WHAT NEEDS TO BE DONE:
Repeat exactly the lines below from the line that contains "Gimnastični center Ljubljana" to the last line, inclusive, without the pictures.

RAW DATA:
BEGIN
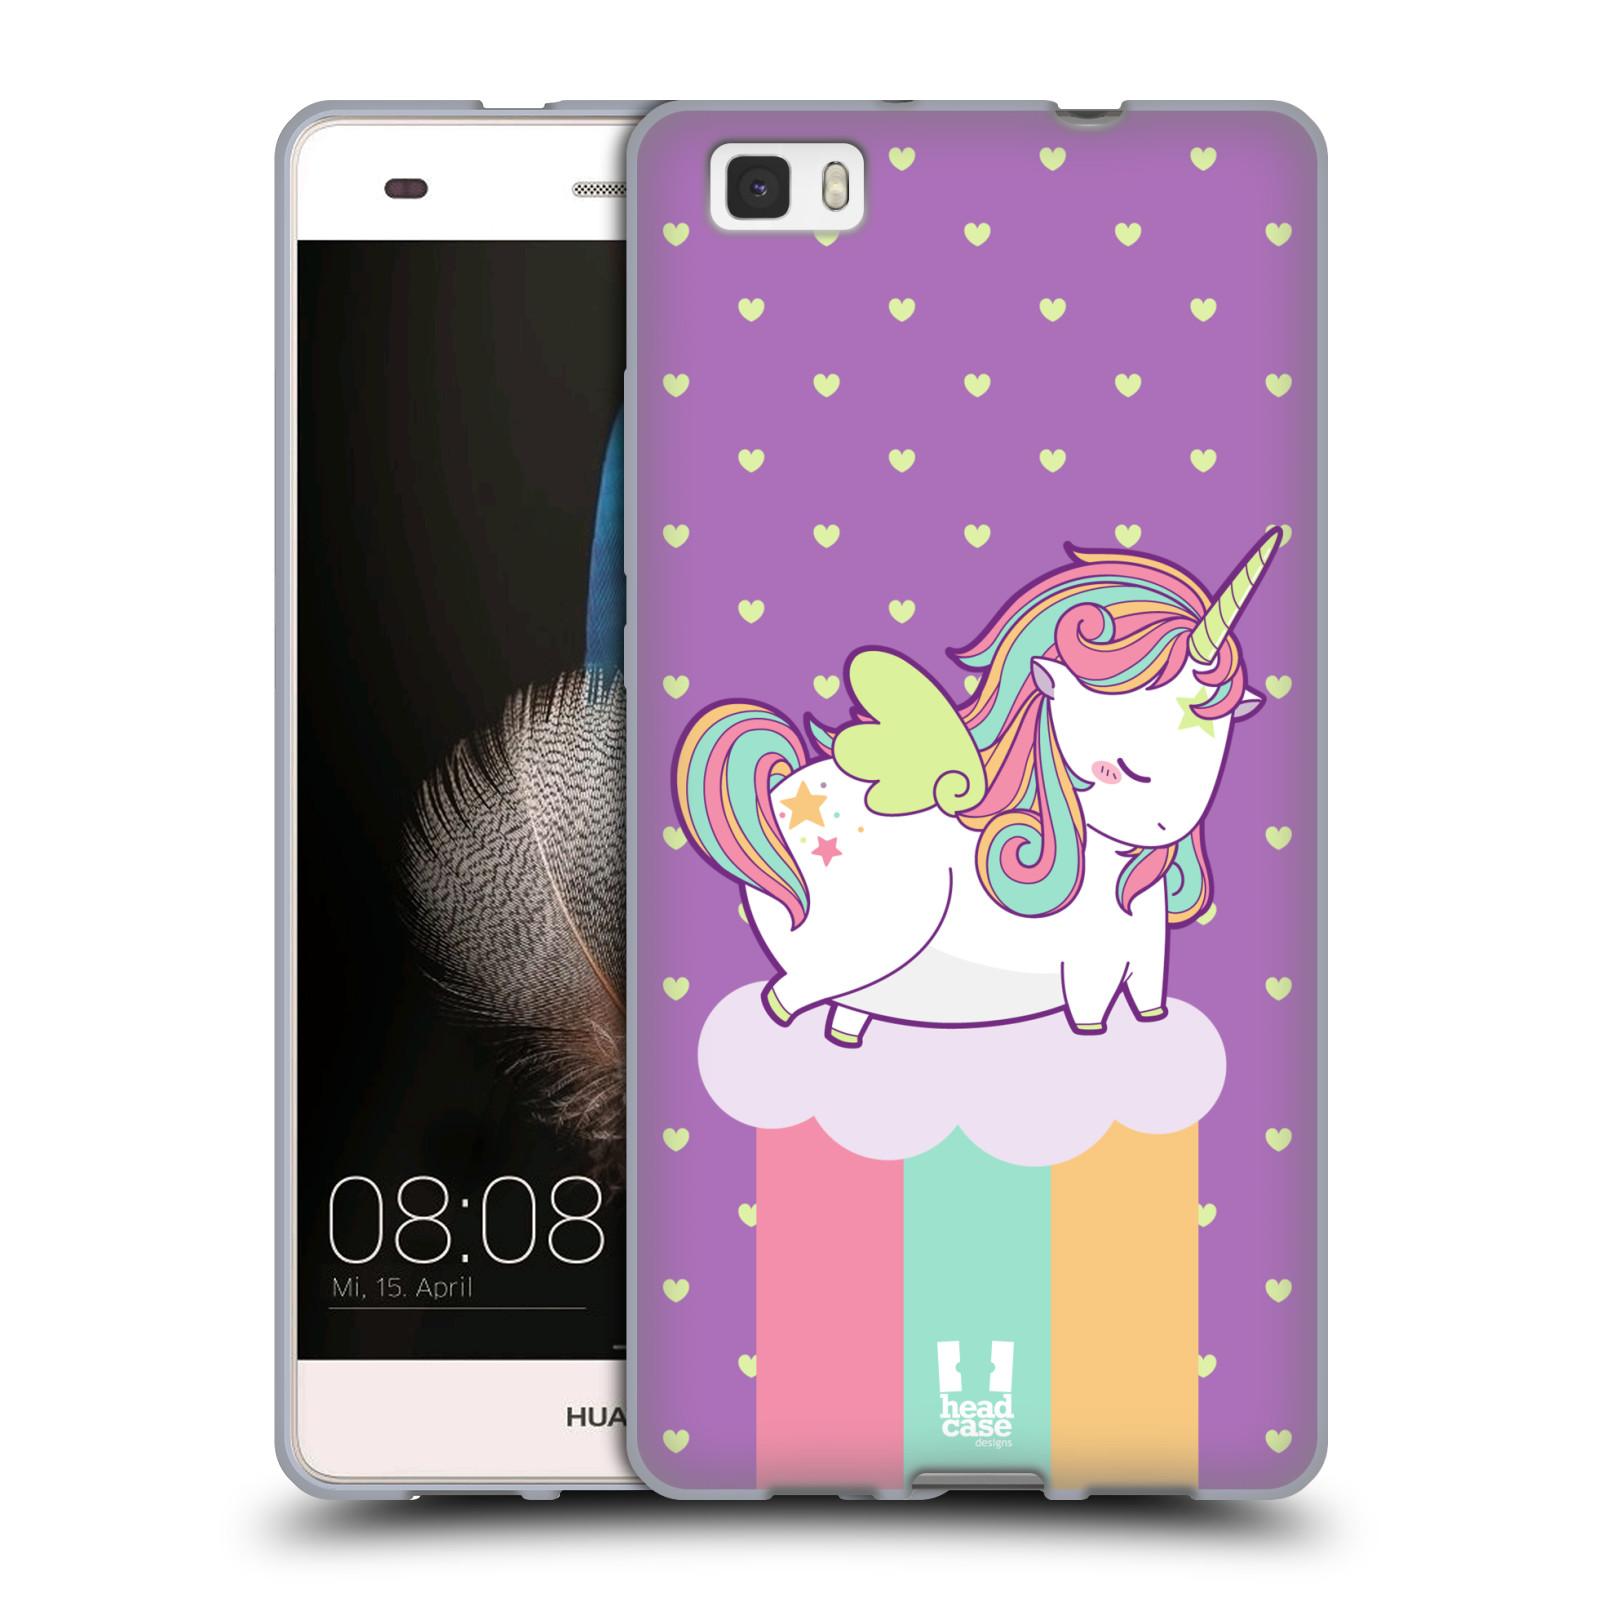 custodia huawei p8 lite unicorno
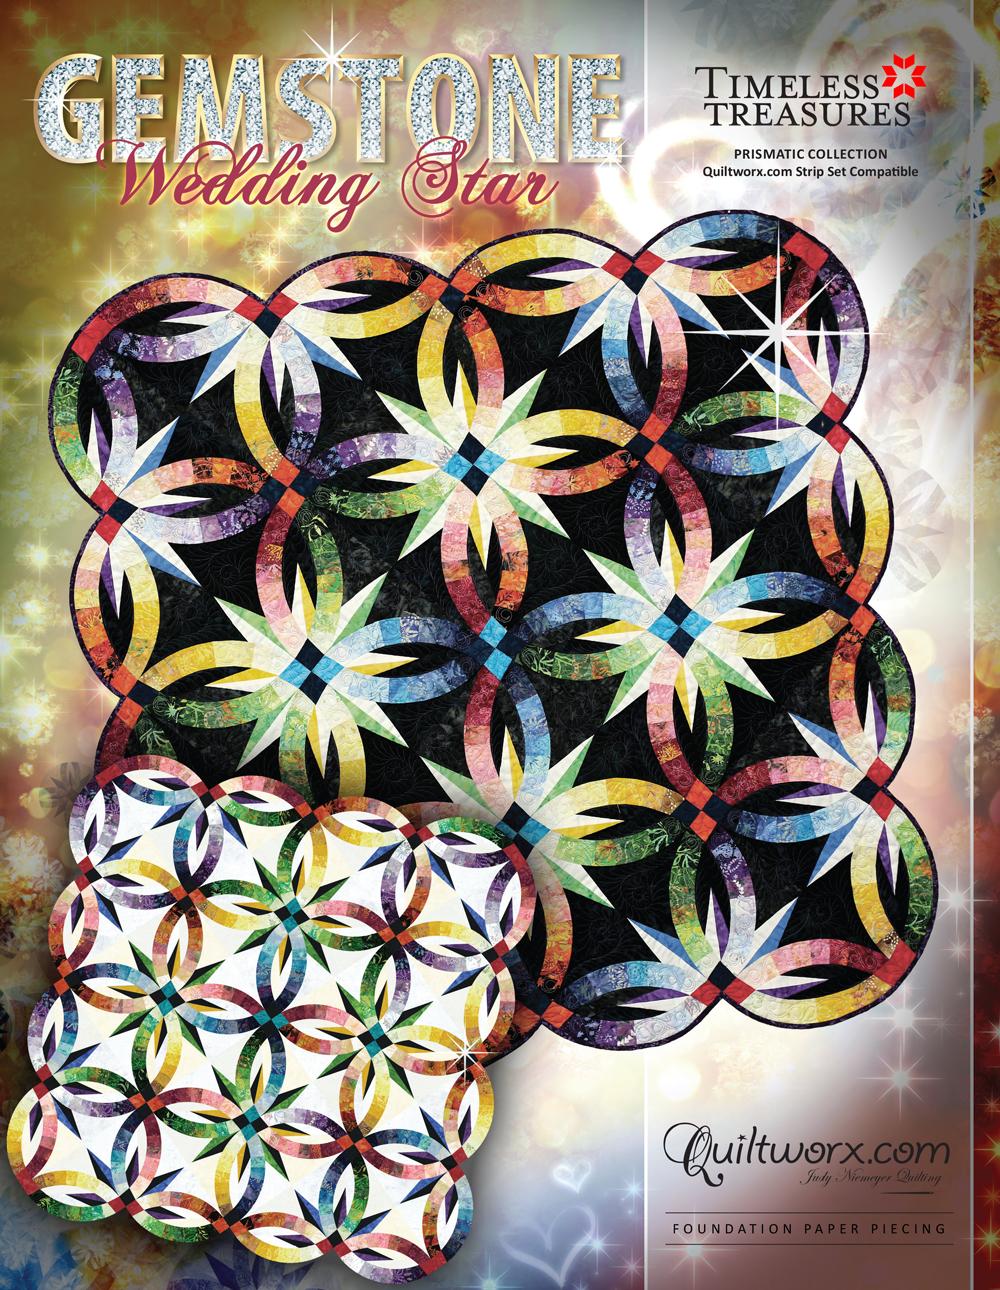 Gemstone-Wedding-Star-Prismatic-Strip-Set-CS
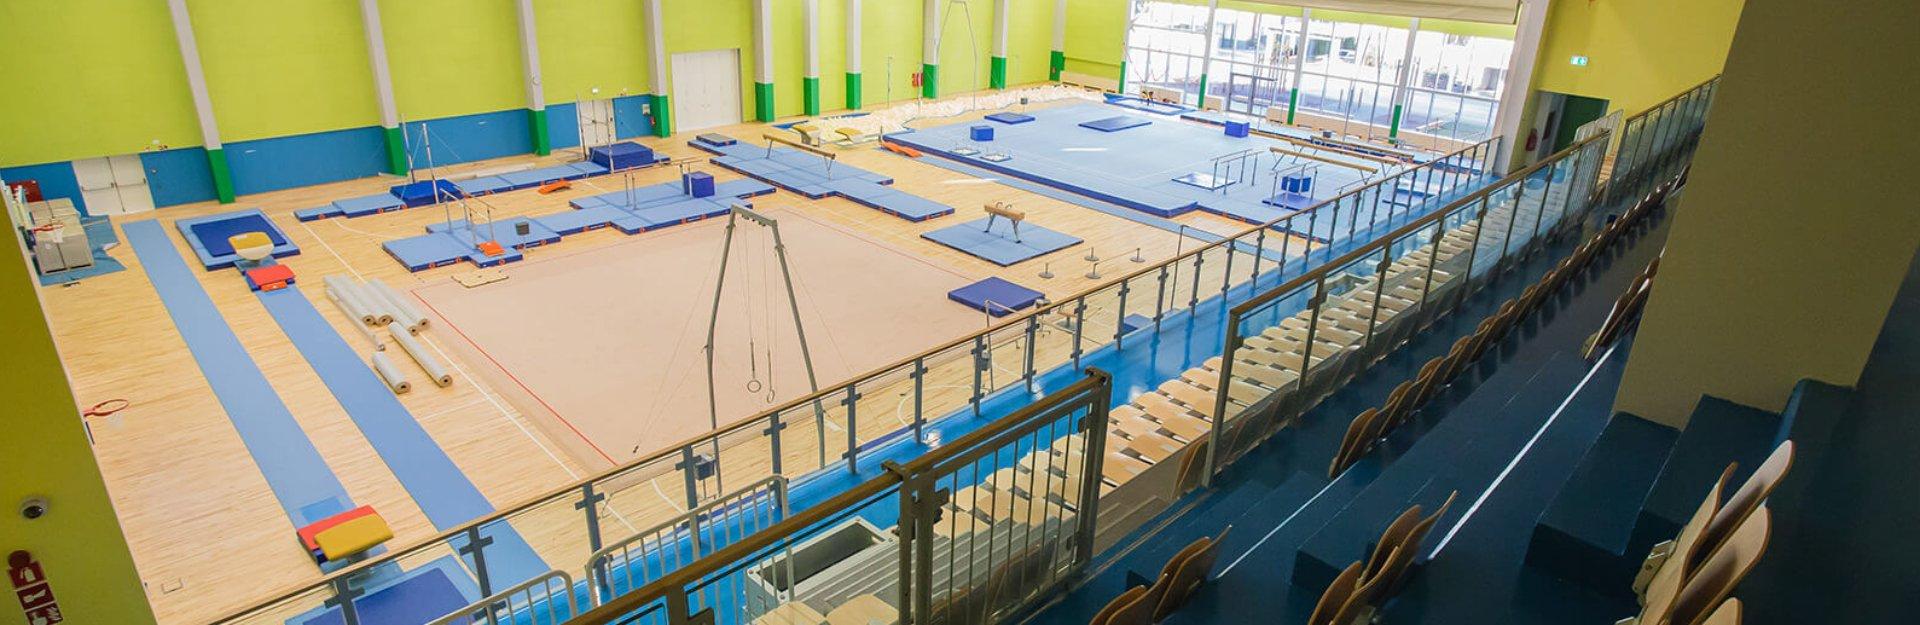 Gimnastični center Ljubljana
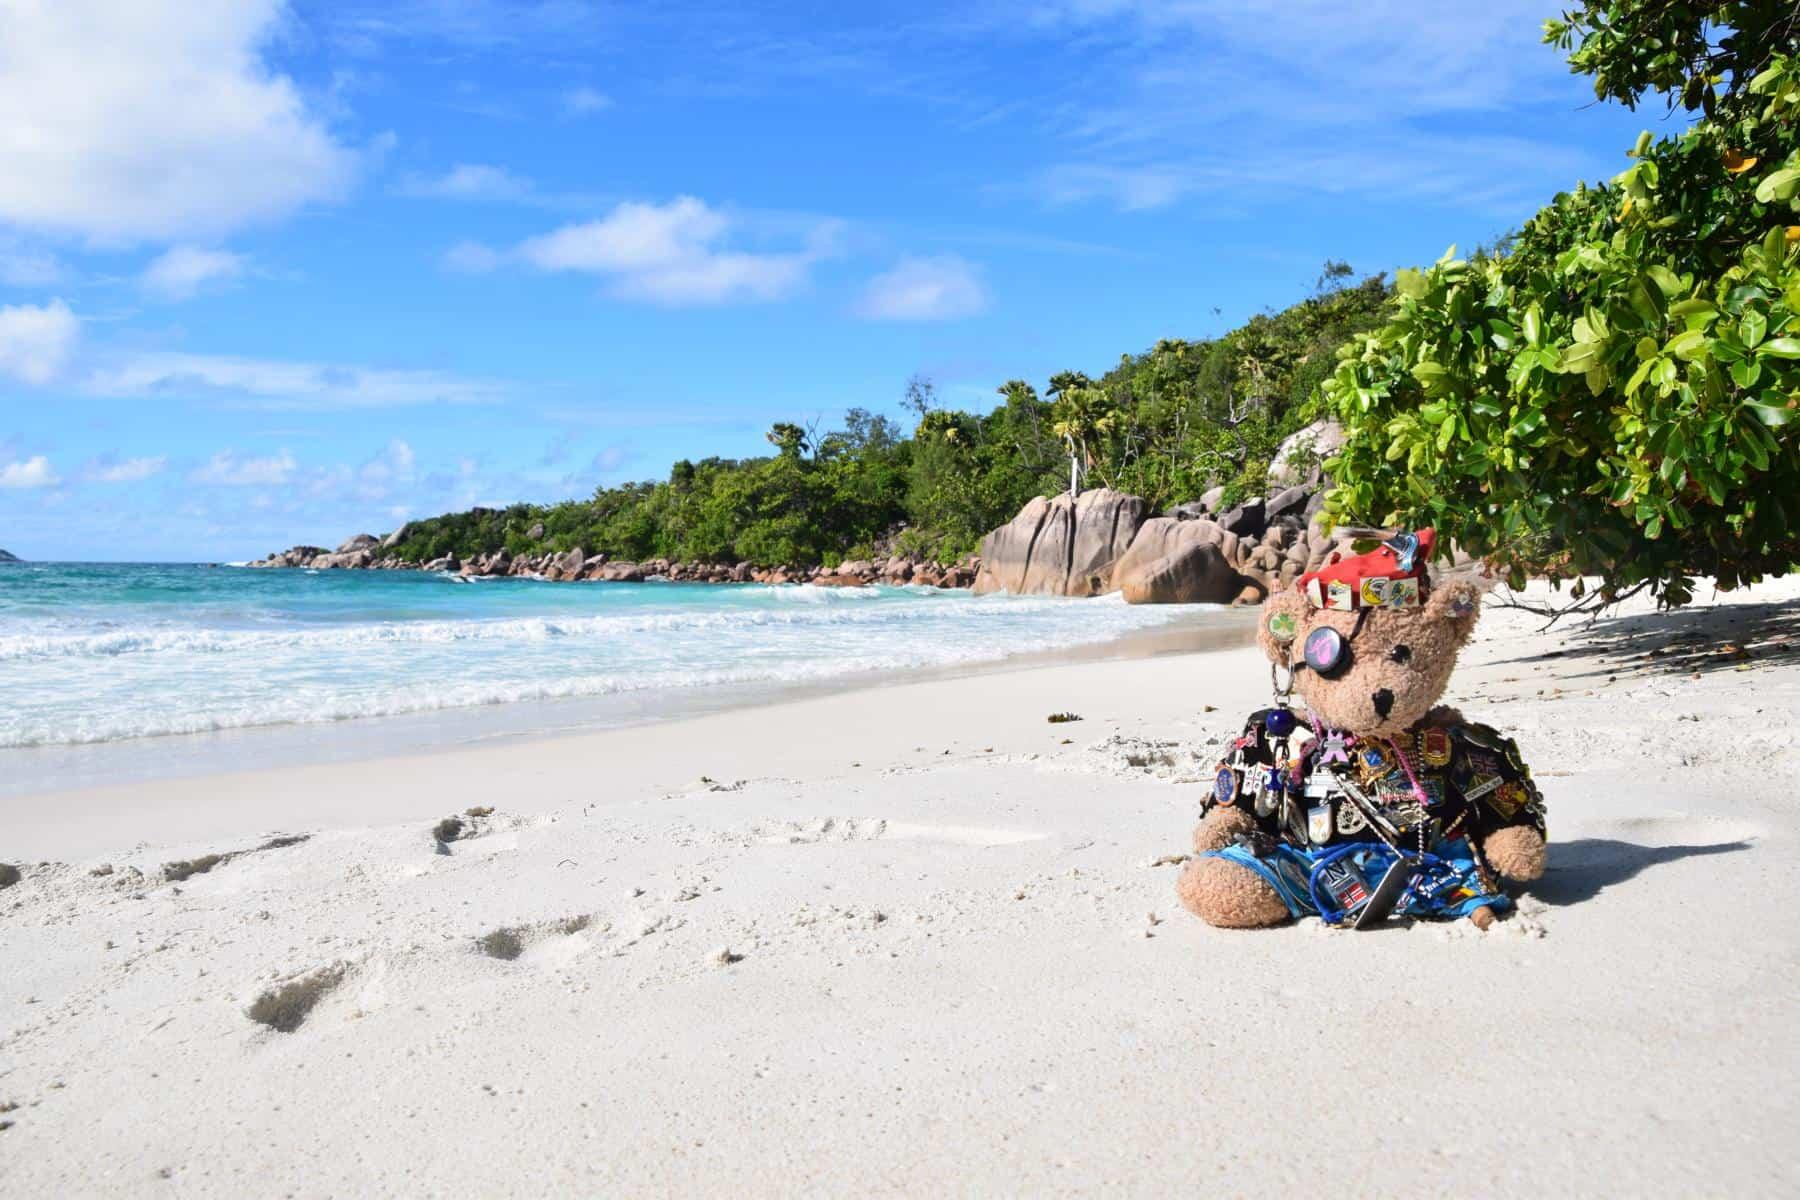 Reiseblog fernwehblog Traumstrand Anse Lazio Praslin Islandhopping Seychellen
END
ANSWER BELOW:
 Gimnastični center Ljubljana
 Reiseblog fernwehblog Traumstrand Anse Lazio Praslin Islandhopping Seychellen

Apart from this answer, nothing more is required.